* **Prompt**:
Return only the lines of the data below from the line with "Image of High Waist Midi Skirt" up to and including the line with "auto accident, had an auto accident", exactly as written, with the pictures omitted.

* **The data**:
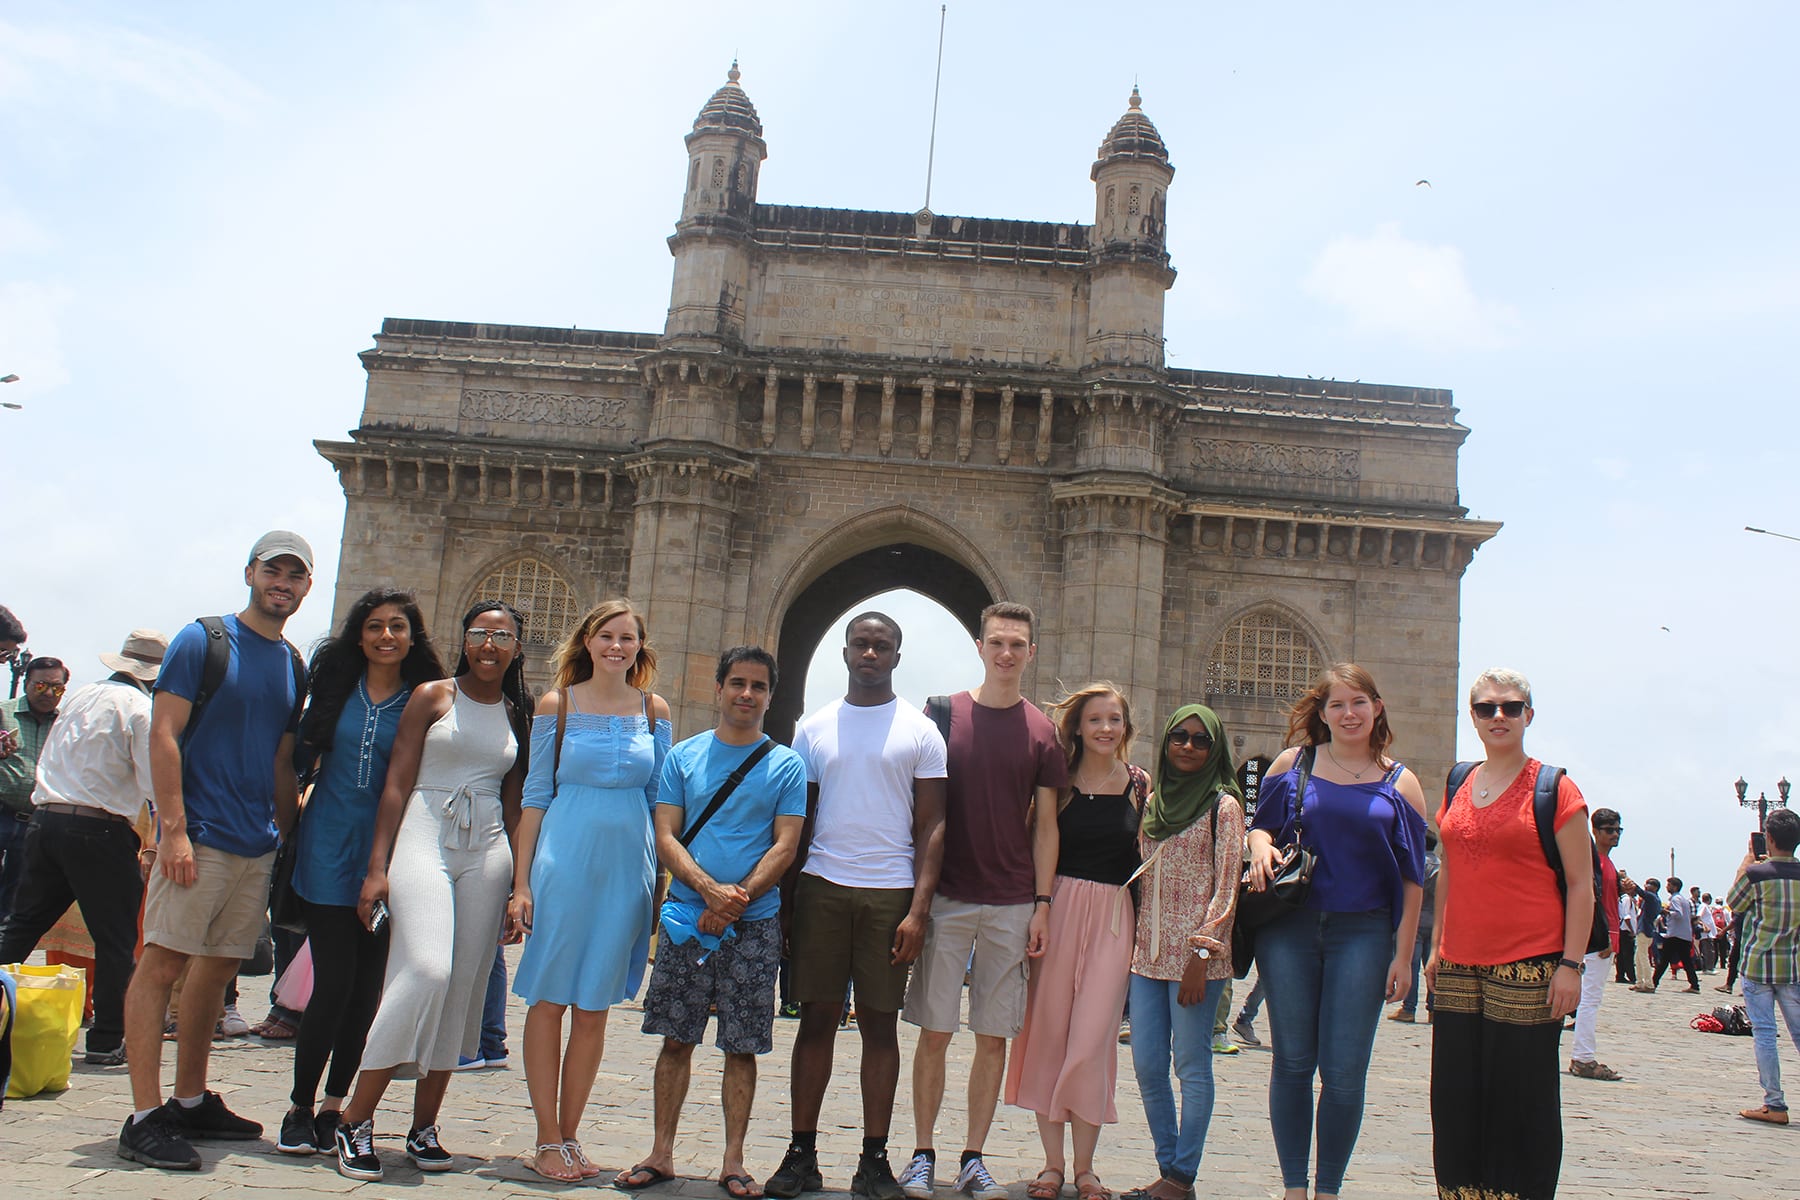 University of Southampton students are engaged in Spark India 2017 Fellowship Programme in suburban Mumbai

==

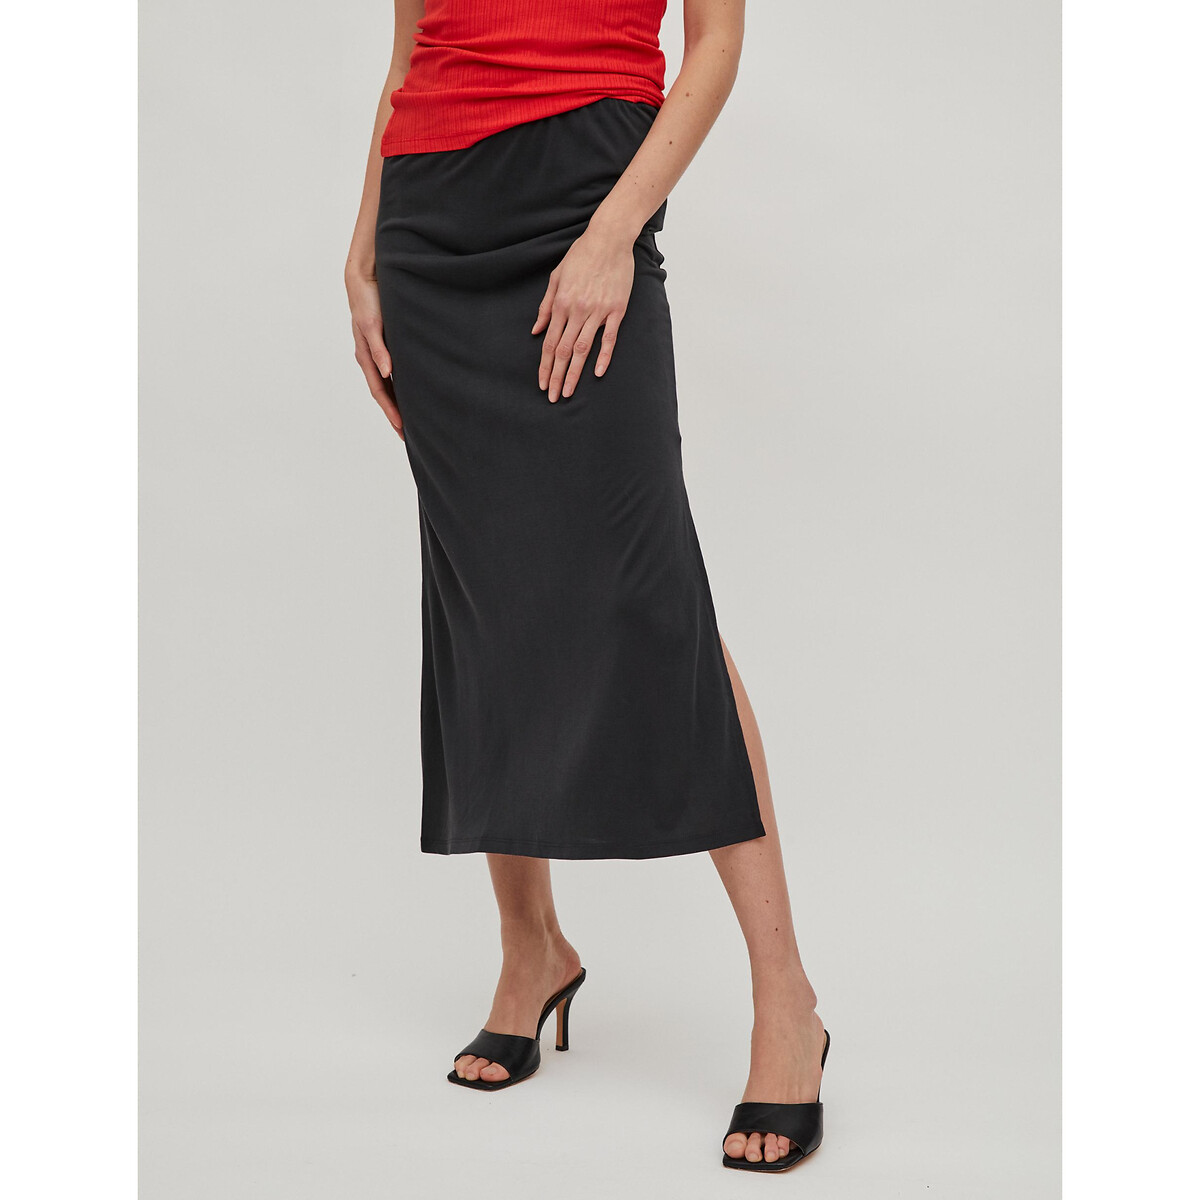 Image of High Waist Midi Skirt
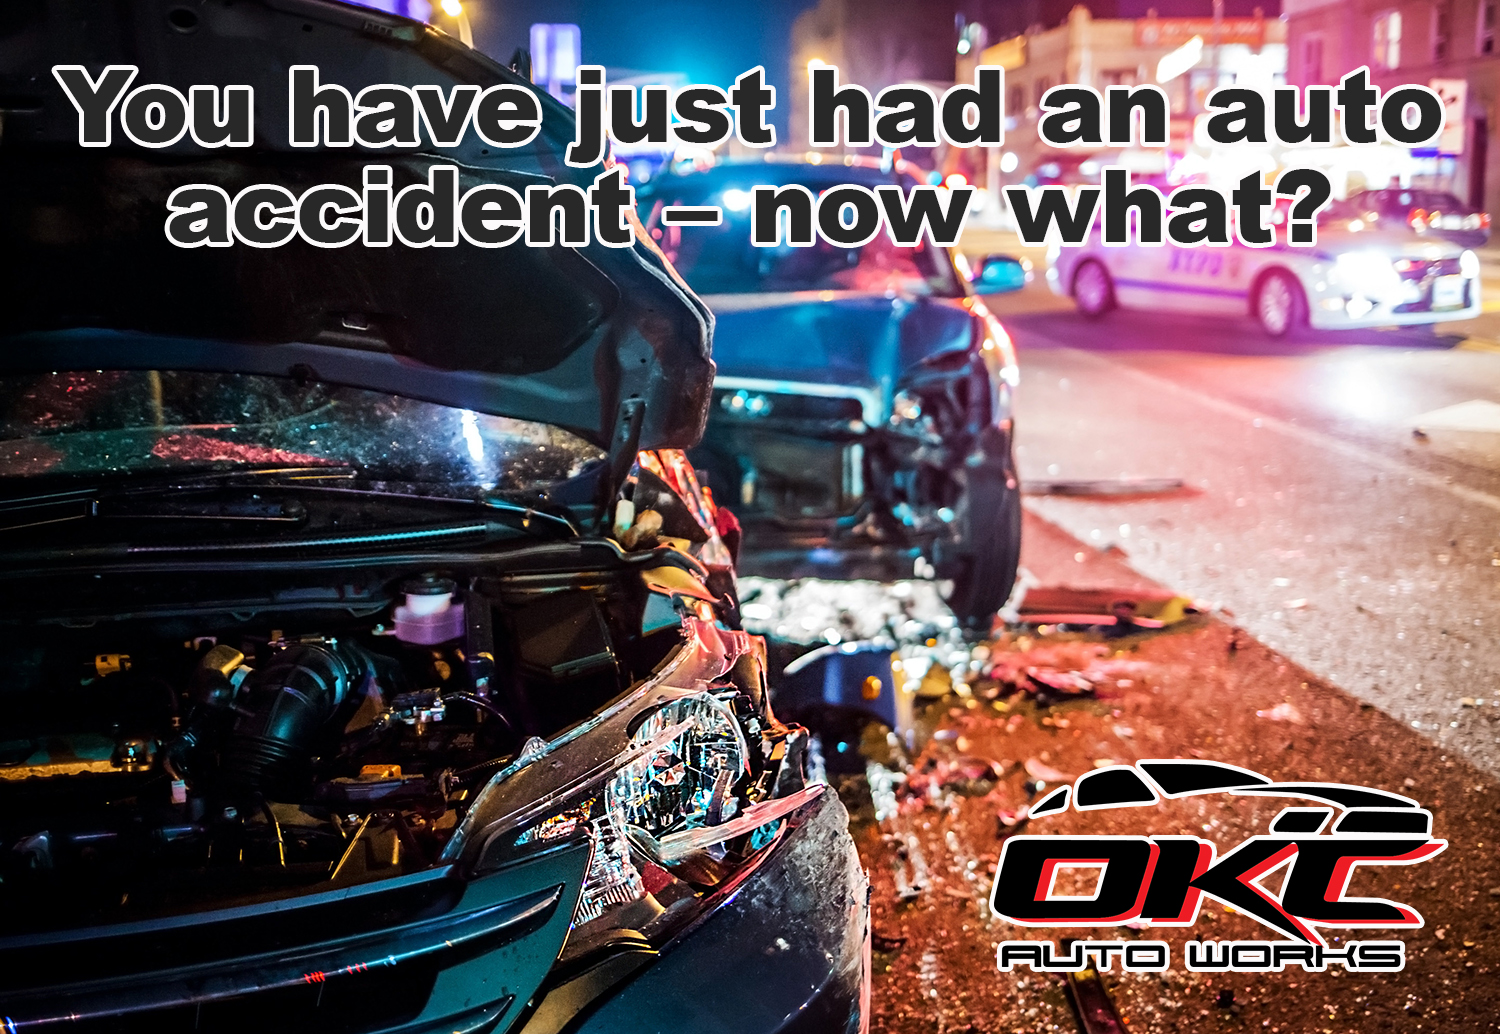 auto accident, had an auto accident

---

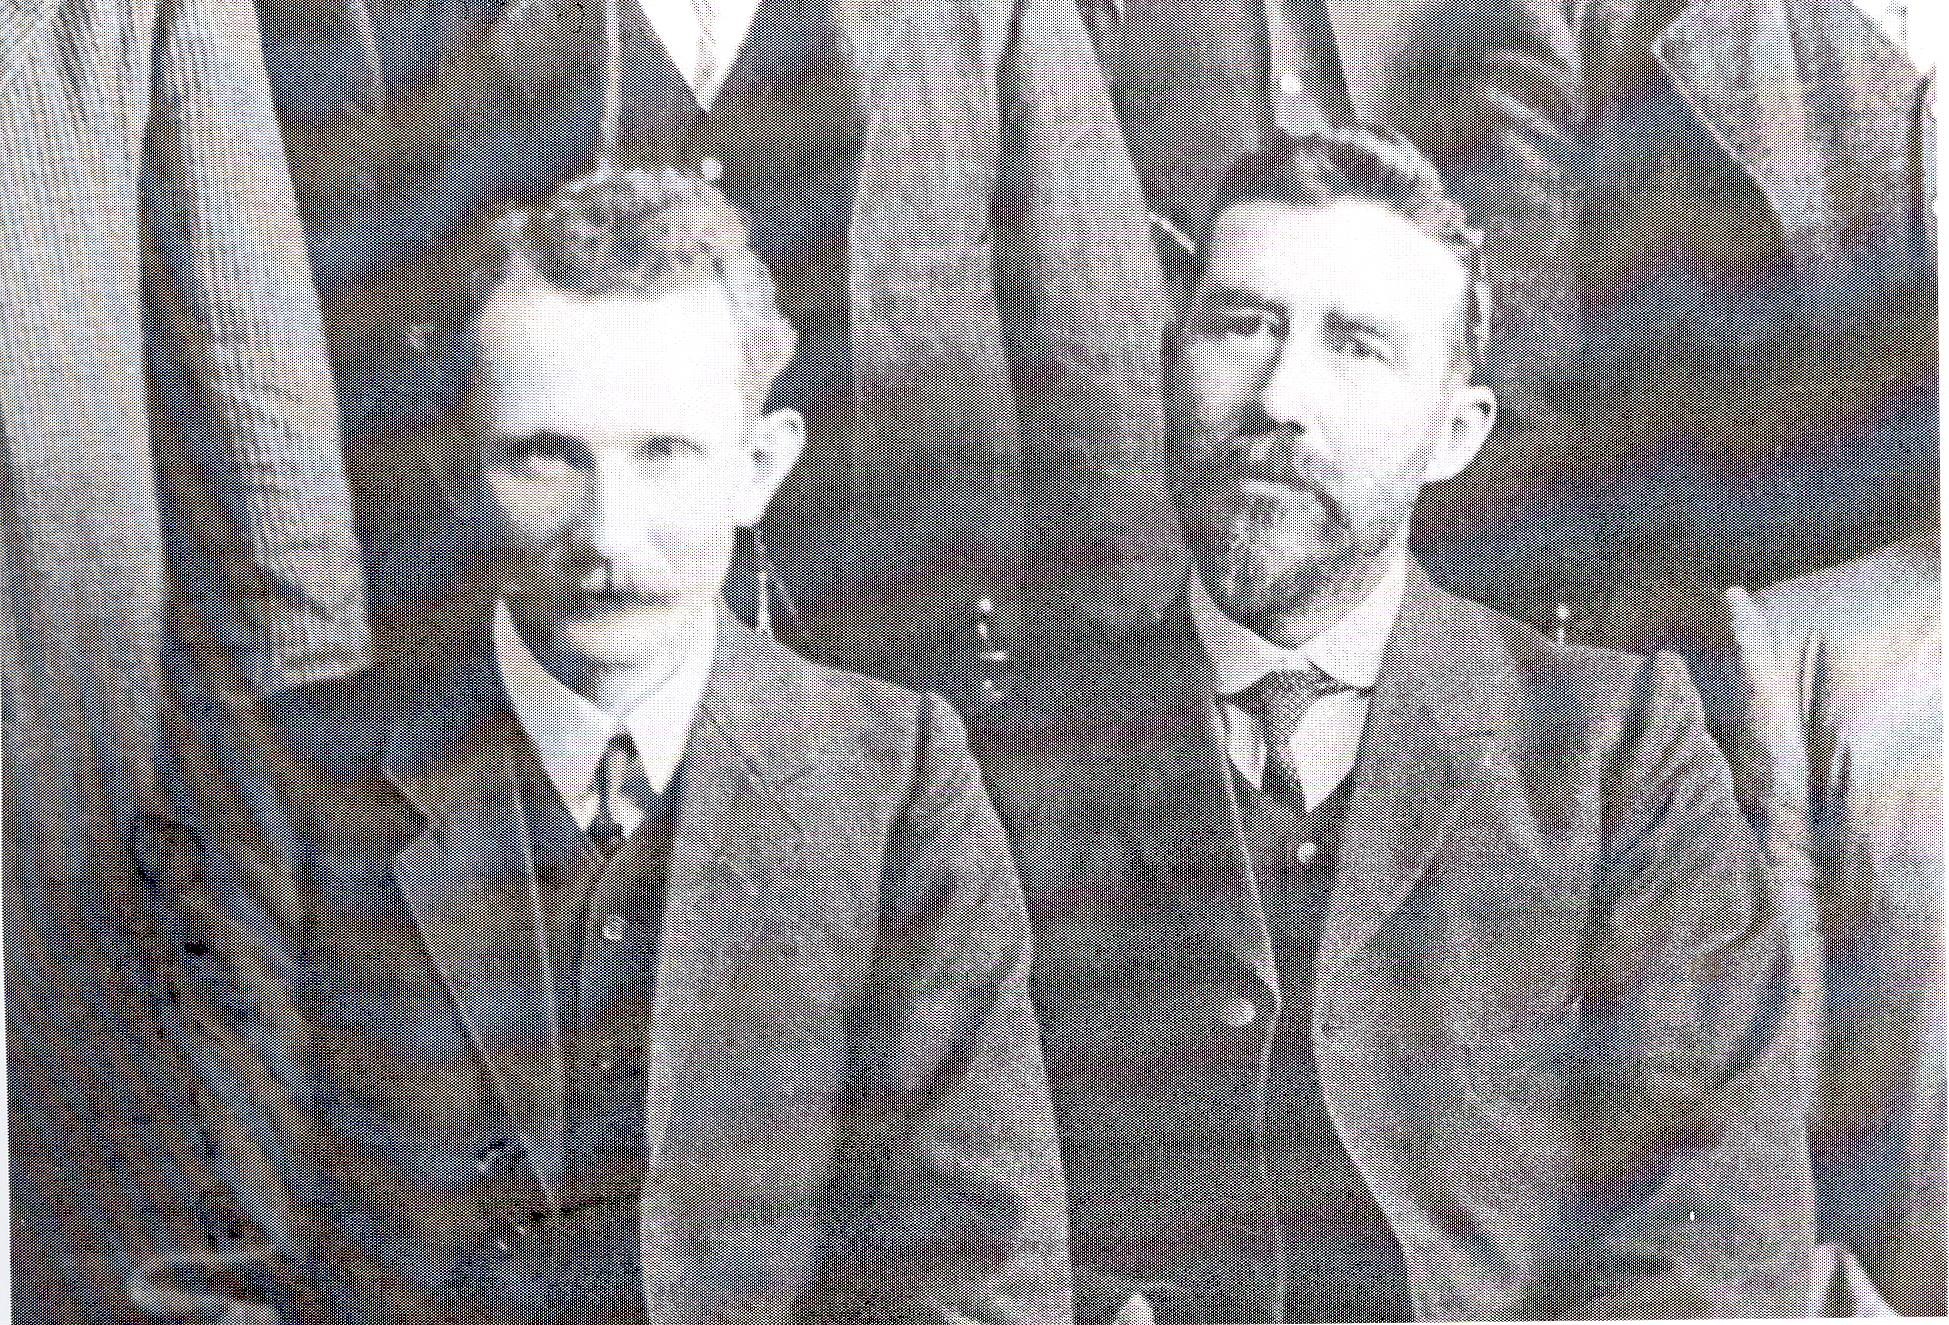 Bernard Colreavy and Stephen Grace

* **Solved problem**:
 Image of High Waist Midi Skirt
 auto accident, had an auto accident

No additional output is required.